Stop contributing for her but put the money for the final year in a savings account. If she decides to continue with further education like an Ma or additional training, you have funds. I understand that you want to contribute equally for each of your children. Saving for further studies might be a fairer way of doing it so she doesn't blow the money on rubbish.
Sorry, in trying to be vague, I've really not been clear. She graduated almost a year ago.
OP posts:
HerRoyalNotness · 10/04/2021 02:31

You shouldn’t have to stretch your household budget to pay money to someone working and that has bought their own home. We don’t owe our children 3yrs of uni support if we can’t afford it

WeekendCEO · 10/04/2021 02:33

So the next child going to uni will get 3 years of financial support but so far the first child has only had 2 years? If that’s right, then I would make it fair by giving the first child another years worth of support. Presumably the first child will have more debt or had to work more than the next child will? I’d want to keep things fair.

Russell19 · 10/04/2021 02:34

If she has a job and a house then why would you continue paying? She doesn't need it. It's not a given that adult children get allowances at uni. I never did, I had to work!

ILikeTheWineNotTheLabel · 10/04/2021 02:35

I think the DSD information should have been in your original post. Massively changes the dynamic.

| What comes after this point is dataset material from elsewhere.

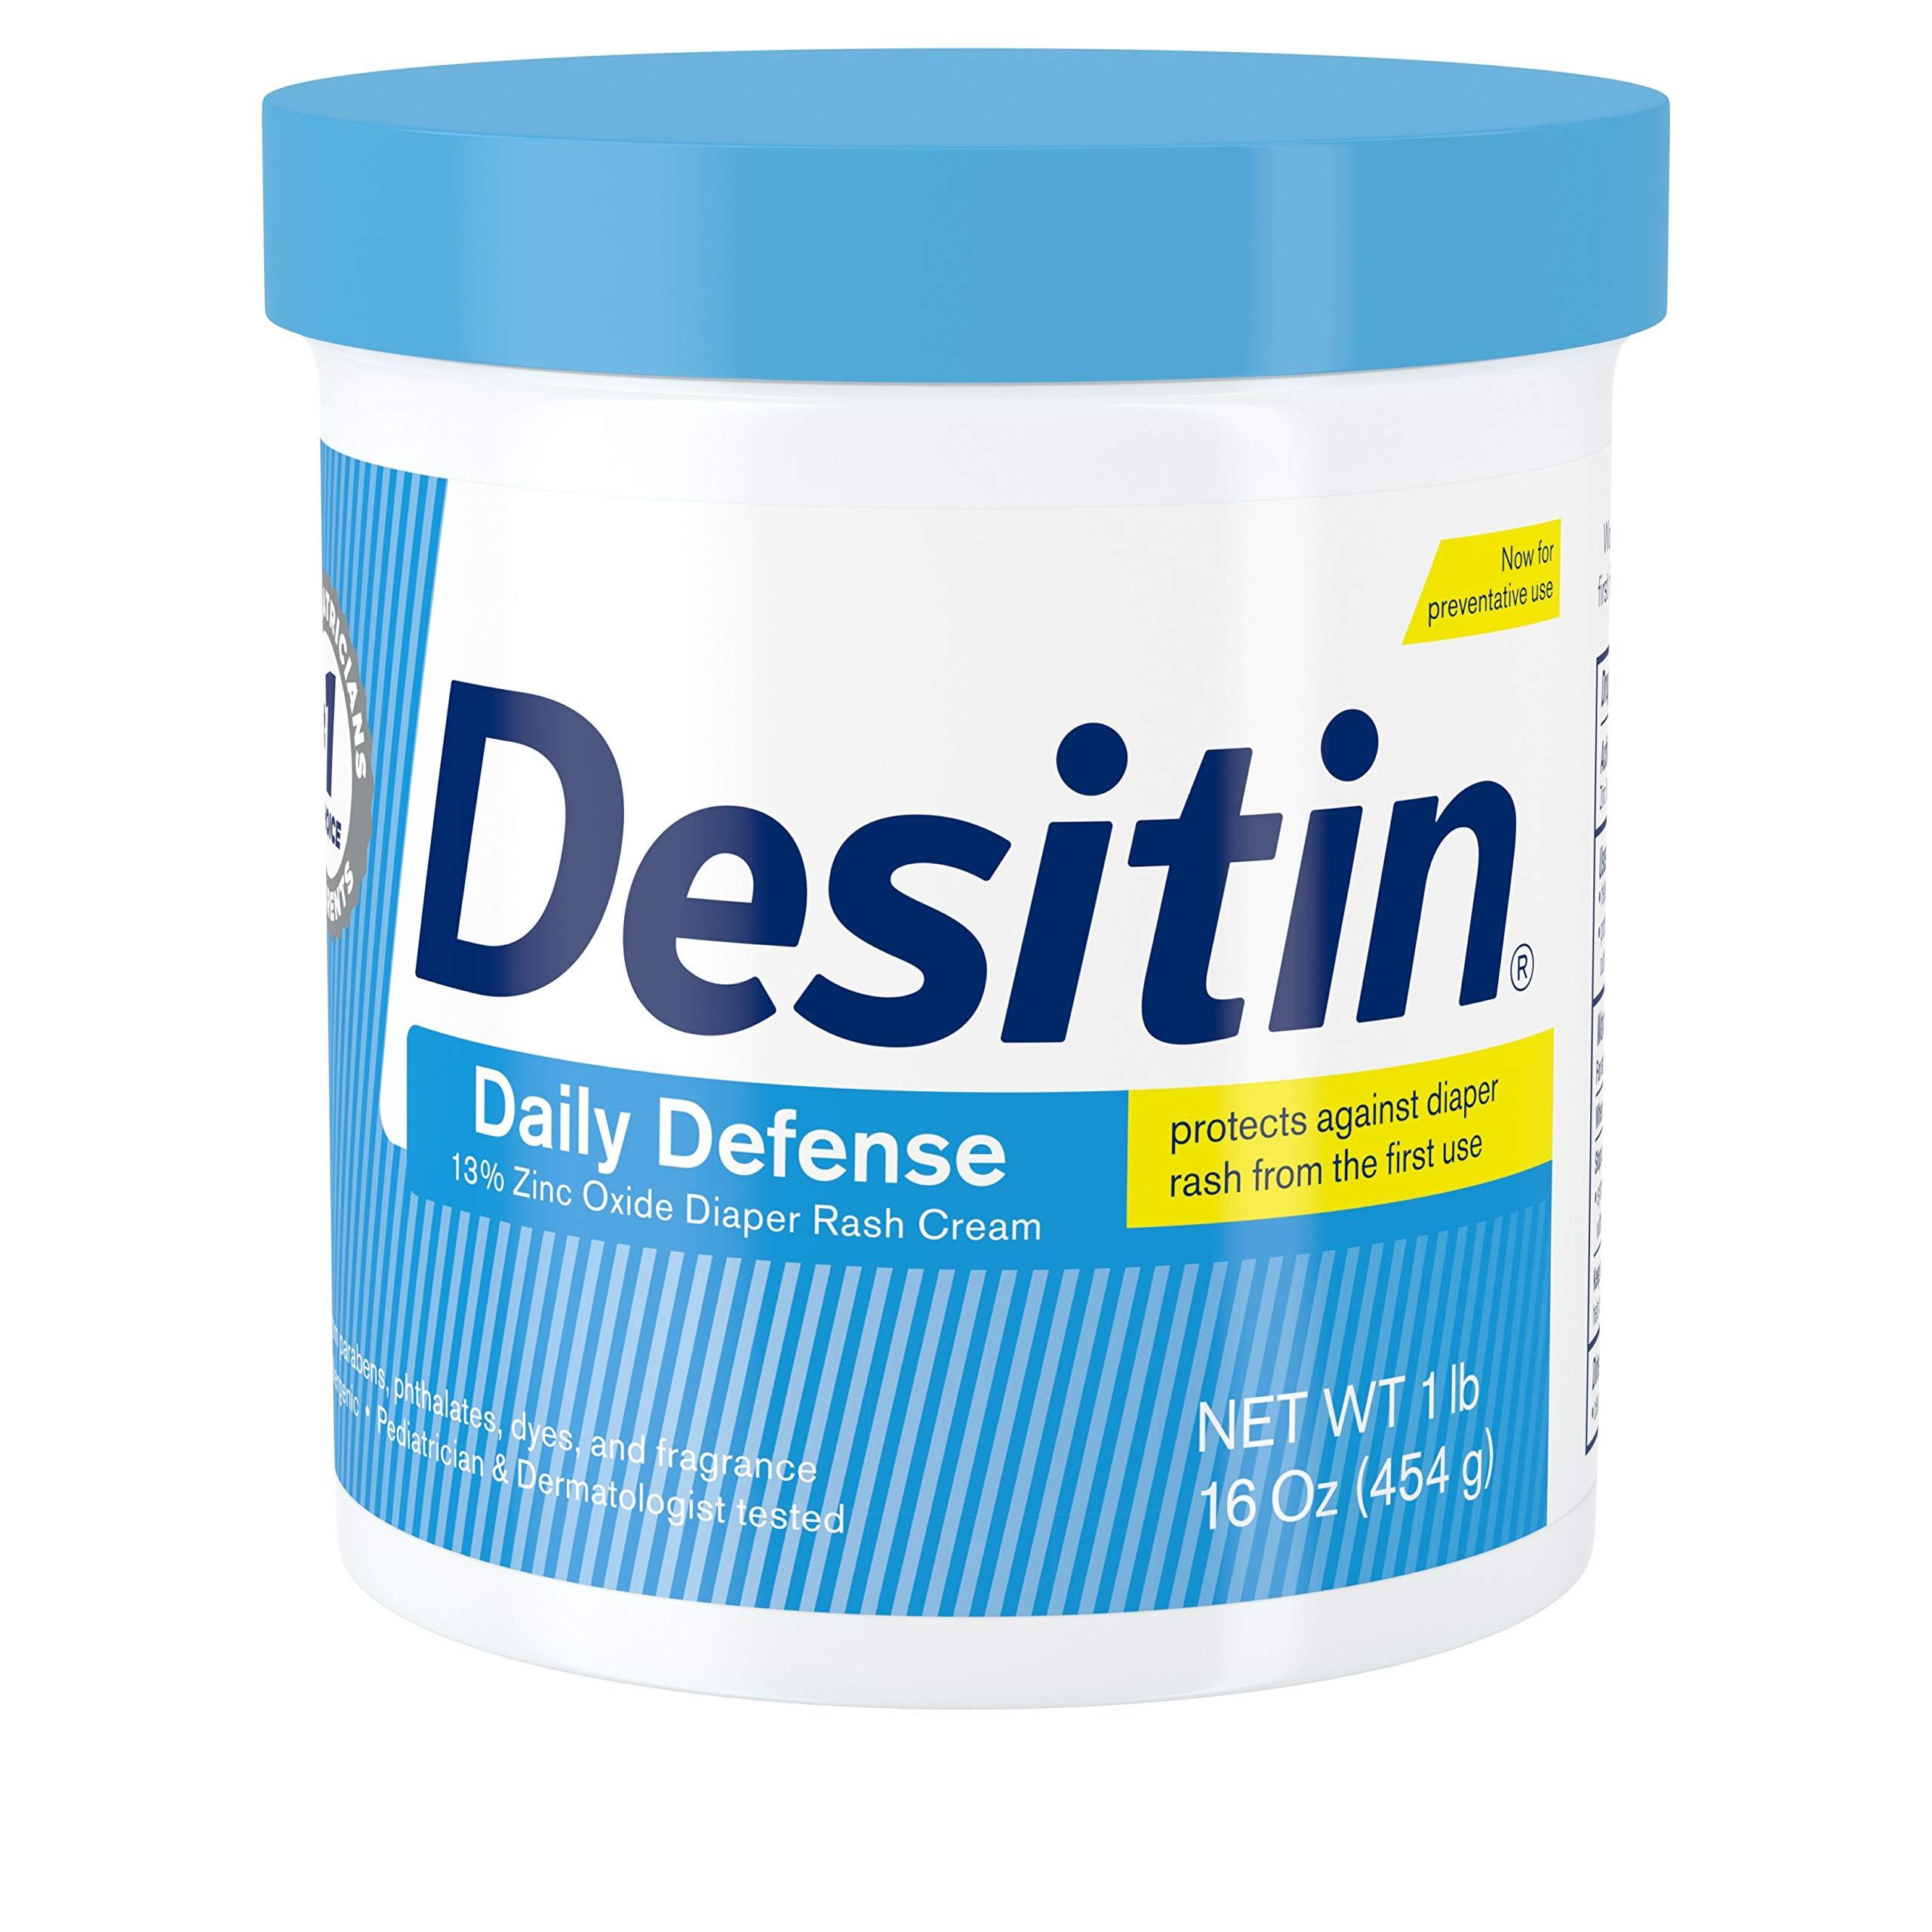 Desitin Daily Defense Baby Diaper Rash Cream with Zinc Oxide to Treat, Relieve & Prevent diaper rash, 16 oz by Desitin

You let her down when she needed you. Now you want to weasel out of making it right.

Disgusting.

I wouldn’t expect much in the way of help from her in your old age if you continue like this.

But then I guess you are thinking that you’ve got two kids of your own to fall back on, and any distance that ensues with your DSD will be further excuse to push her further and further out of your lives. Those are the type of “circumstances” that just arise from time to time that warrant concentrating on other things, just like the “circumstances” basil hat arose during her first t o years of study.

After all, she’s doing so well for herself that she doesn’t need your help and your children do.

Reprehensible. Manipulative and dishonest behaviour.

HappyTimeTunnelDinosaur · 10/04/2021 02:40

I can understand how she must have felt, even if you did have good reason not to help her initially, that probably felt pretty harsh. I think you need to treat them all as equals so if she only gets 2 years help that's what the others should get too. Maybe you don't 'owe' it as such, but I could understand her feeling quite hurt otherwise.

AllosaurusMum · 10/04/2021 02:43

I would help for another year. I think most people would feel resentful that they weren't helped through uni but their siblings were. Especially considering it's not because you can't help her, but because you want the money go to the kids who will be helped through uni.